5 DE OCTUBRE

                               LA PRESENCIA DE DIOS

Si un gran rey, rodeado de su corte, nos concediese audiencia, o si el Sumo Pontífice, rodeado del Sacro Colegio de cardenales, nos recibiese en el Vaticano, ¡qué temor tan lleno de respeto se apoderaría de nosotros! Si en vez del rey o del Papa, tuviéramos que comparecer ante la incontable multitud de los príncipes del cielo, de esas falanges de confesores, vírgenes, religiosos, sacerdotes y mártires; de esas brillantes legiones de ángeles, arcángeles, potestades, principados, sin exceptuar a los querubines, serafines ni a ninguno de los santos canonizados por la Iglesia; y si todas las miradas de esta asamblea incomparable se detuvieran en nosotros, ¡qué profunda impresión de respeto y de santo temor se apoderaría de nosotros! Sin embargo, la majestad de esta corte espléndida no es nada si la comparamos a Dios; es como dijo Isaías: “Menos que un grano de arena como una pura nada.” ¿Cómo pude, por tanto, atreverme con tanta frecuencia, despreciable átomo perdido en el infinito, cómo pude rebelarme y desobedecer a esta grandeza soberana que llena cielos y tierra? ¡Qué ciegos somos! ¡Parece imposible que, a pesar de estar colocados en Dios como un cristal bajo un sol esplendoroso, podamos perder de vista y aun lleguemos a ofenderle! El pensamiento de la majestad del Señor, la plenitud de su ser, de su poder, de su sabiduría, de su  santidad sin límites, debería hacer que, al igual que los ángeles, se apoderara de nosotros santo temblor; sin embargo, el pensamiento de Dios, la presencia de Dios apenas impresiona nuestra inteligencia y nuestro corazón. De esto provienen tan frecuentes faltas, las habituales distracciones en la oración y el escaso espíritu de fe en todas las acciones. Lejos de parecernos a los santos, siempre como anonadados ante Dios, somos presuntuosos en nuestros juicios, nos obstinamos en hacer nuestra voluntad, no guardamos la debida compostura y siempre andamos solícitos, agitados, impacientes, como si no dependiéramos de aquél que gobierna el universo y ordena todos los acontecimientos. 

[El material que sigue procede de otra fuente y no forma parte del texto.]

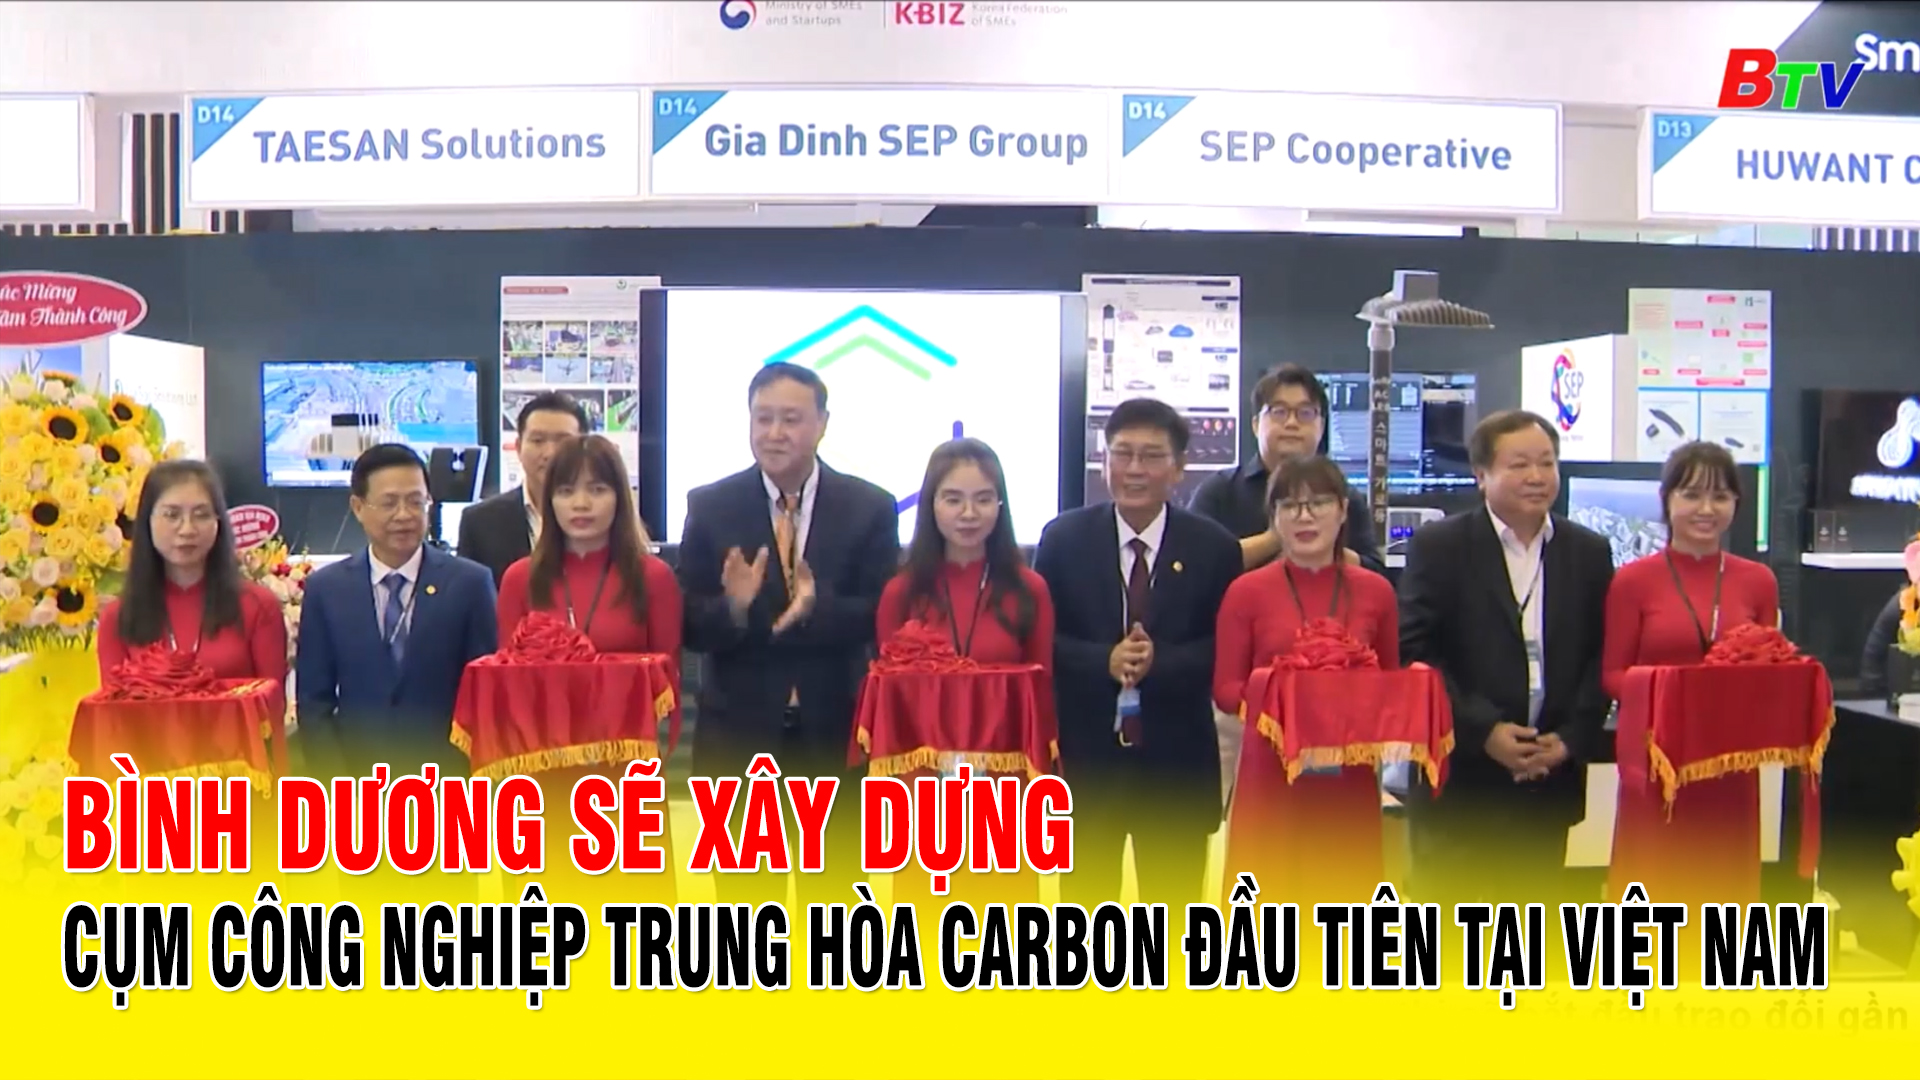 Bình Dương sẽ xây dựng cụm công nghiệp trung hòa carbon đầu tiên tại Việt Nam

¡Dios mío! Despierta mi fe, para que comprenda tus perfecciones infinitas, y hazme vivir en tu presencia con la misma profunda veneración que por ti sienten en el cielo los espíritus bienaventurados. Te ruego me infundas valor para despreciar los respetos humanos, cuando se trata de agradarte. Dame fuerzas para mortificarme, evitando la demasiada comodidad, practicando en todas partes la modestia ante tus divinas miradas y manteniéndome recogido aun cuando me encuentre entre el bullicio de las gentes o en medio de los asuntos que más me puedan distraer.